Sois prudent, me dit mon genou, n’abuse pas des kilomètres, sinon je n’irai plus faire de jogging avec toi. Ne soulève pas de poids trop lourds, me raconte mon coude, je te rappelle que tu m’as déjà blessé, l’année dernière, en tombant à la renverse et en me frappant contre le coin de la moulure.

– Oui, oui vous deux, du calme, je ne vous oublie pas. D’ailleurs, je ne vois pas comment je pourrais, puisque que vous me rappelez régulièrement à l’ordre.
Le corps guérit, mais il n’oublie pas.
En 2008, lors de ma dernière randonnée sur le Chemin de Compostelle, je me suis blessé à un genou. J’avais bêtement frappé avec ma botte une roche qui saillait sur le chemin. Une petite douleur est alors apparue et elle a persisté, puis s’est amplifiée progressivement. Il ne nous restait que 100 kilomètres à parcourir, je n’allais tout de même pas arrêter et d’ailleurs, une fois mon genou bien réchauffé, ça n’allait pas si mal. Et puis il y a également eu cette gentille dame, qui parcourait le chemin avec nous et qui me voyait sautiller un peu à chaque pas. Elle m’avait offert des anti-douleurs (attention, ils sont forts, m’a-t-elle dit). J’ai donc pu parcourir un autre 75 kilomètres sans trop souffrir. Le matin du dernier jour, alors qu’on était à peine à 25 kilomètres de Saint-Jacques-de-Compostelle, mon genou a refusé de suivre. Même réchauffé, même avec les anti-douleurs, lui, avait décidé que c’était assez. Parfois la volonté ne suffit pas, il faut aussi écouter son corps. Nous avons donc fait les derniers 20 kilomètres en taxi. C’est dommage, parce que l’arrivée au pied de la cathédrale après cette longue randonnée est une expérience inoubliable, c’est l’aboutissement d’un projet, le couronnement de l’aventure.

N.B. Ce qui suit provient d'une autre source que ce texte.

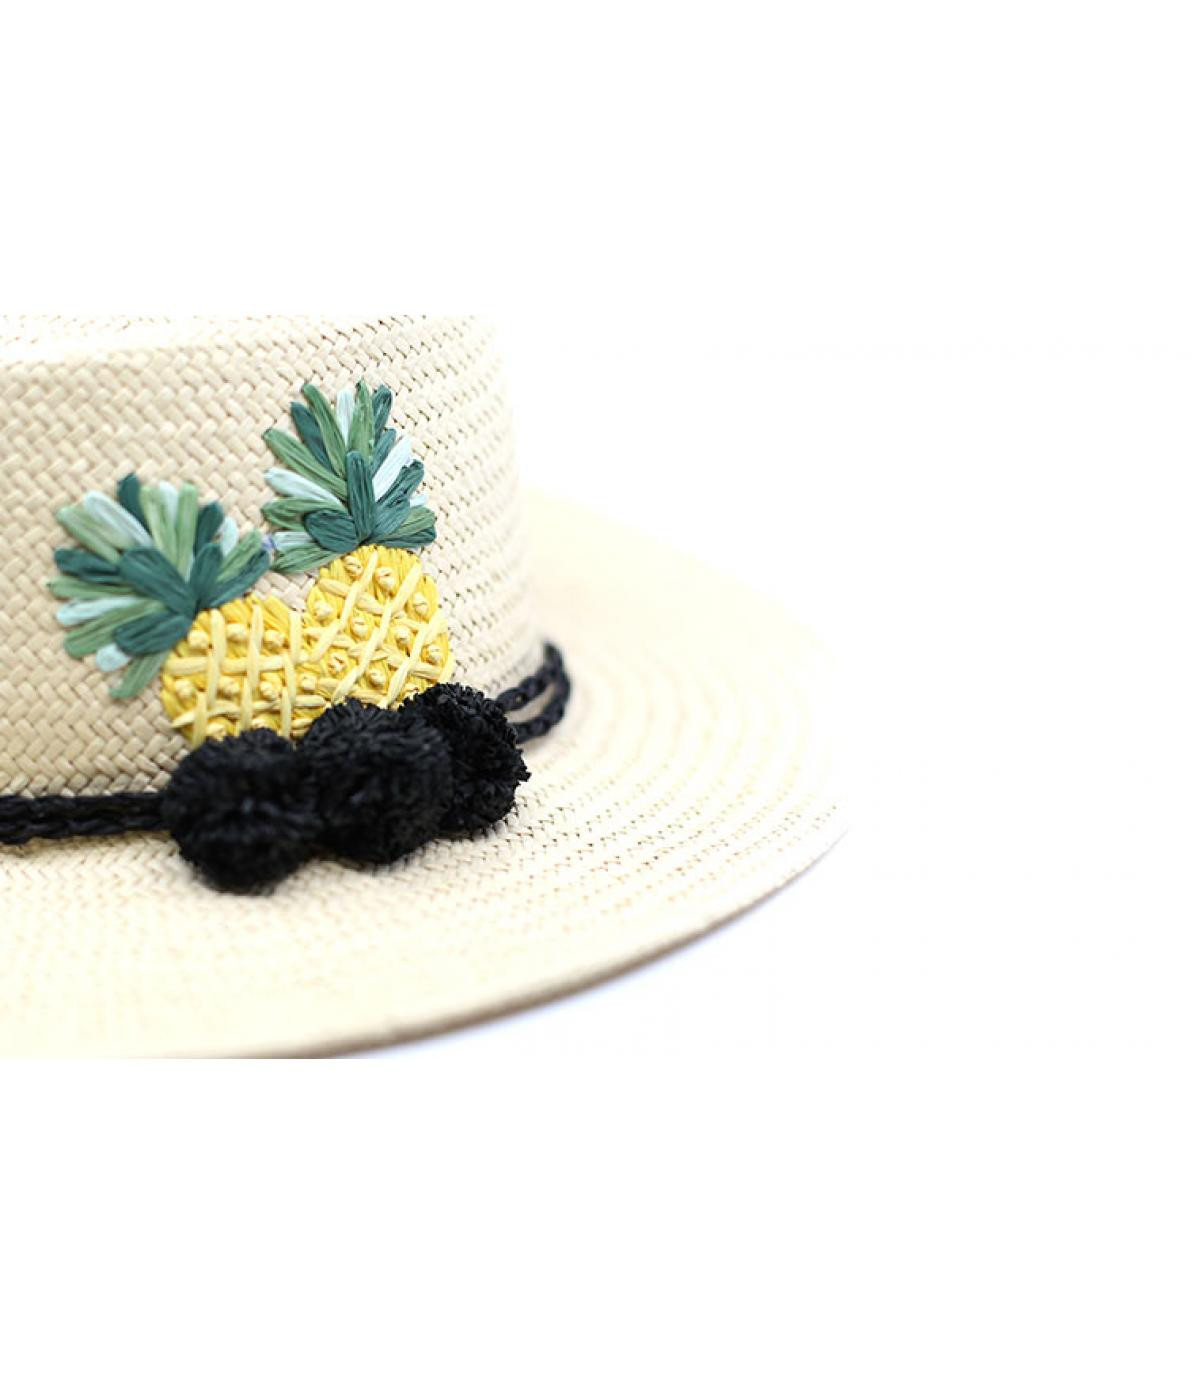 Detalles Matelot Pineapple imagen 4
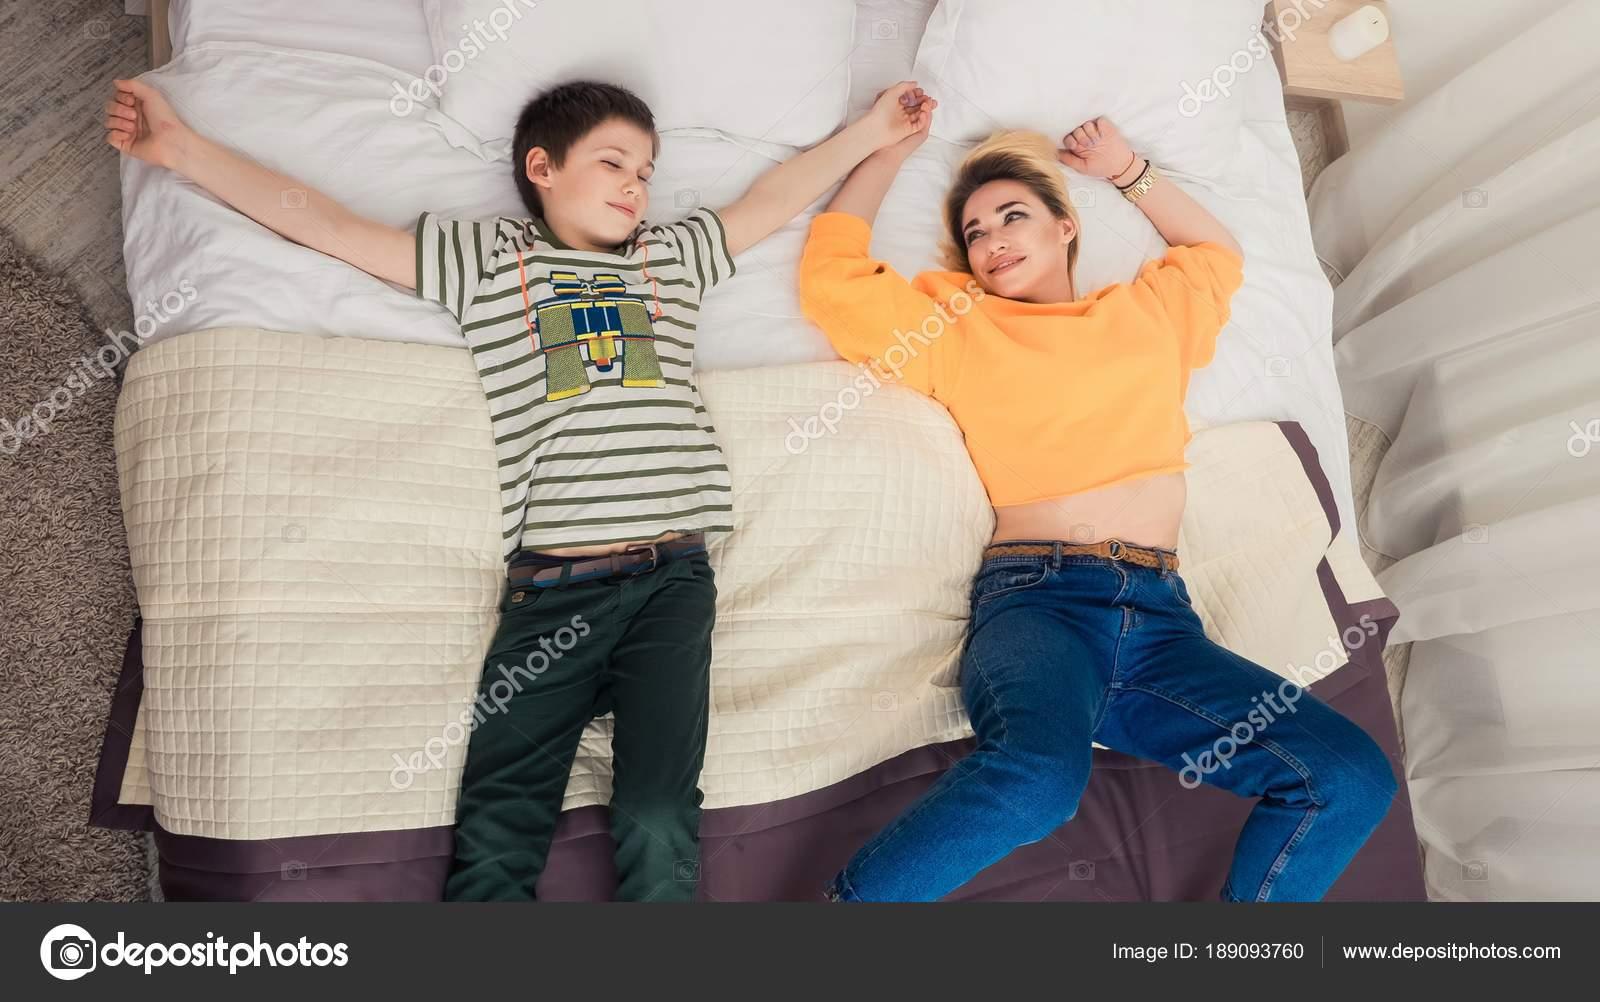 Син ебет свою родную мать, Сын трахнул свою родную мать смотреть онлайн на 10 фотография

Depuis, si je marche plus d’une dizaine de kilomètres, quelques jours d’affilé, mon genou me signale que j’en fais trop. Idem, si je me laisse entraîner par le plaisir et que j’étire un peu trop le parcours de jogging. Ça ne me limite pas spécialement dans mes activités, disons que ça me limite dans les abus et on le sait, ce sont eux qui sont à l’origine de beaucoup sinon de la plupart de problèmes de santé. Une fois un certain seuil atteint, il en restera des séquelles avec lesquelles on devra composer pour le reste du chemin.
En même temps, vivre trop prudemment, ce n’est pas vivre au sens où je l’entends. L’important n’est pas forcément d’être là très très longtemps, mais d’avoir plutôt fait bon usage du temps qu’on a reçu.